Missing Malaysian Plane #MH370: 26 countries join hunt for missing plane; ...search stretches from Kazakhstan to Southern Ocean

Australia has taken the lead in the hunt for the missing Boeing 777 over the southern Indian Ocean as the list of countries providing assistance rose to 26 today.

The move came as Malaysia's transport minister Hishammuddin Hussein revealed that two million square miles still need to be searched.

Malaysia has appealed for radar data and search planes to help in the unprecedented hunt through a vast swath of Asia stretching north-west into Kazakhstan.

It said searches have begun in both the northern and southern corridors of a vast swath of Asia where the jet may have ended up.

The Malaysian government has revealed an investigation indicates the jet was deliberately diverted and flew for several hours after leaving its scheduled flight path.

French investigators arriving to lend expertise from the two-year search for an Air France jet that crashed into the Atlantic Ocean in 2009.
'It's very different from the Air France case. The Malaysian situation is much more difficult,' Jean Paul Troadec, a special adviser to France's aviation accident investigation bureau, said in Kuala Lumpur.
Kazakhstan said it had not detected any 'unsanctioned use' of its air space by any planes on March 8, making it unlikely that a missing Malaysia Arlines jetliner could have been diverted along a northern route via Thailand.

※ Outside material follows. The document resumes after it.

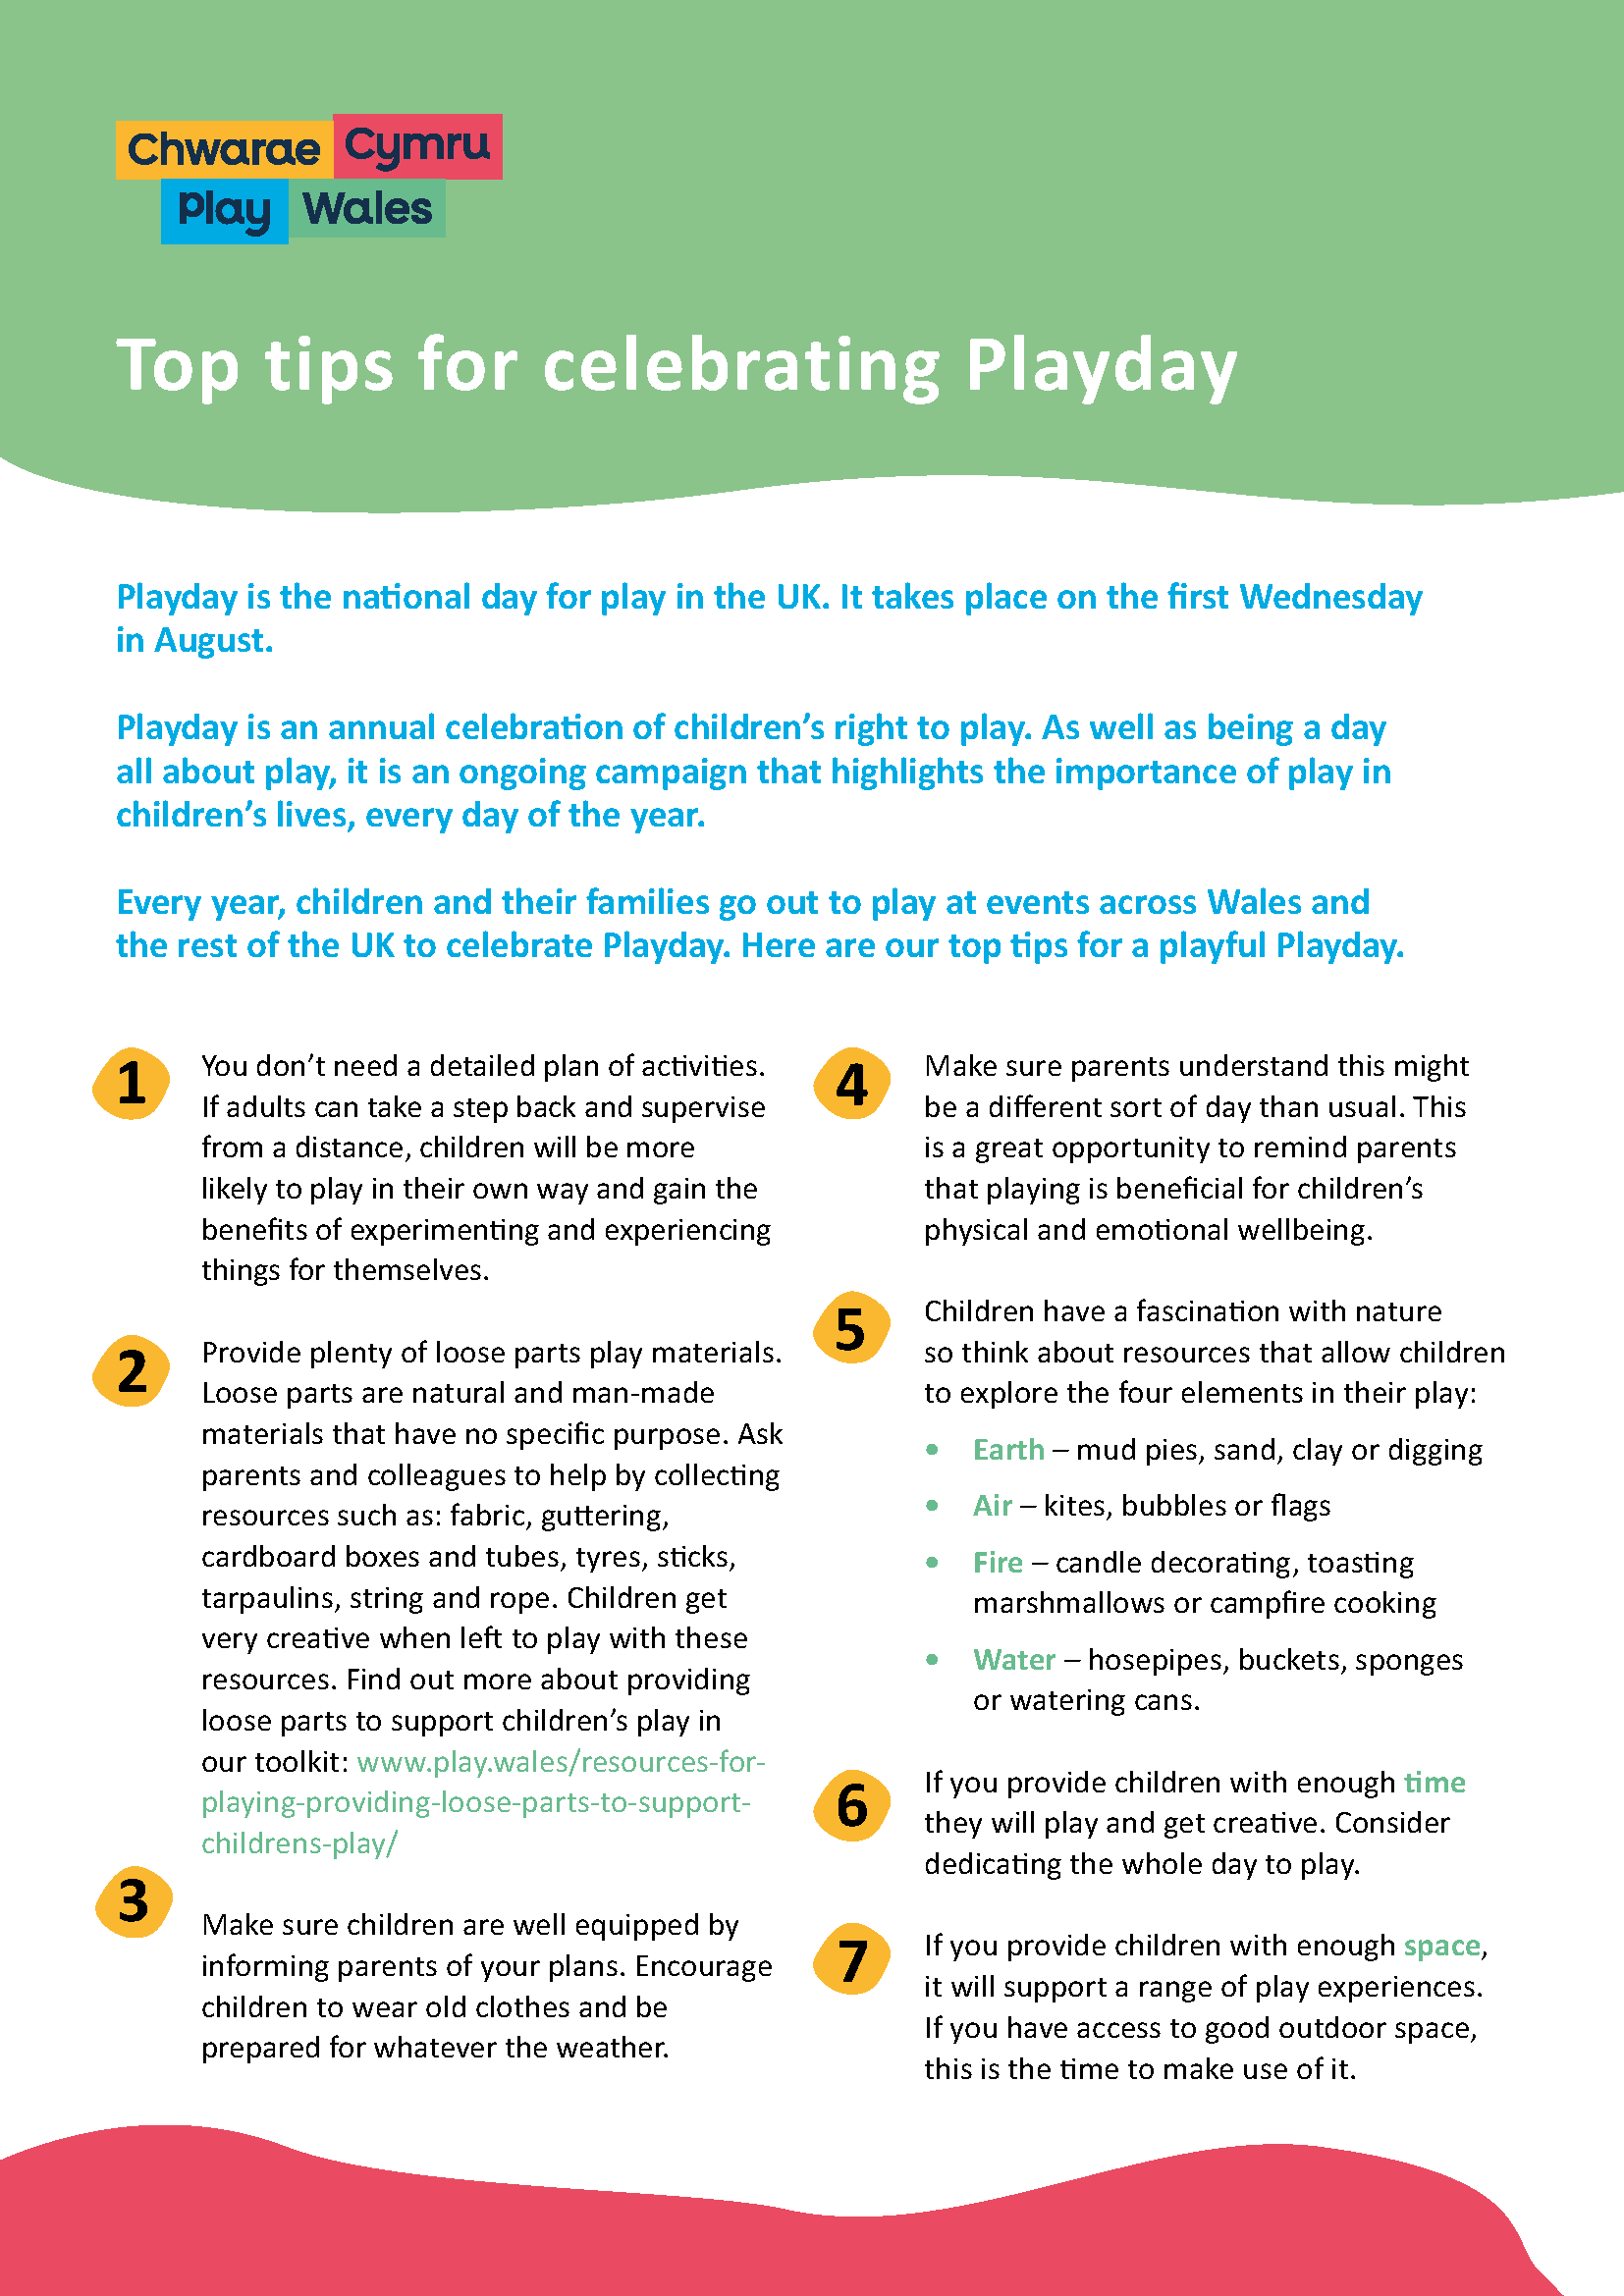 Top tips for celebrating Playday

The flight could hypothetically have reached the Central Asian nation's air space, but it would have been detected there, the Kazakh Civil Aviation Committee said in a detailed statement.

Malaysia Airlines planes had made nine regular flights to and from Europe over Kazakhstan's territory on March 8, it said.

A huge area spanning the rainforests of South East Asia and the landscapes of former Soviet Union republics is now part of the investigation into the fate of Flight MH370, which set out nine days ago on a routine flight from Kuala Lumpur to Beijing.

Excruciatingly for the families of the 239 people on board, searchers from 25 nations still have no idea whether the aircraft has come down on land or sea.

But experts have concluded that it was hijacked or sabotaged by someone with knowledge of the controls – and from the moment it swerved away from its path could have headed south into the southern Indian Ocean or north in a gentle curve to Central Asia.

The plane’s last signal, which was picked up by a satellite orbiting more than 22,000 miles above the Indian Ocean, placed it along one of two arcs – referred to as air corridors.

One runs from the southern border of Kazakhstan in Central Asia to northern Thailand.

The other runs from near Jakarta, Indonesia, to the Indian Ocean, some 1,000 miles off Australia’s west coast.

The authorities believe the last signals picked up by satellite could possibly have been transmitted when the plane was on land – and yesterday, after a fruitless hunt of oceans to the east and west of Malaysia, authorities in Kuala Lumpur announced that searches have begun across 11 different countries.

The ‘straight line’ distance from the most southerly point of the search, in the southern Indian Ocean, to the most northerly area in Central Asia is an enormous 6,000 miles.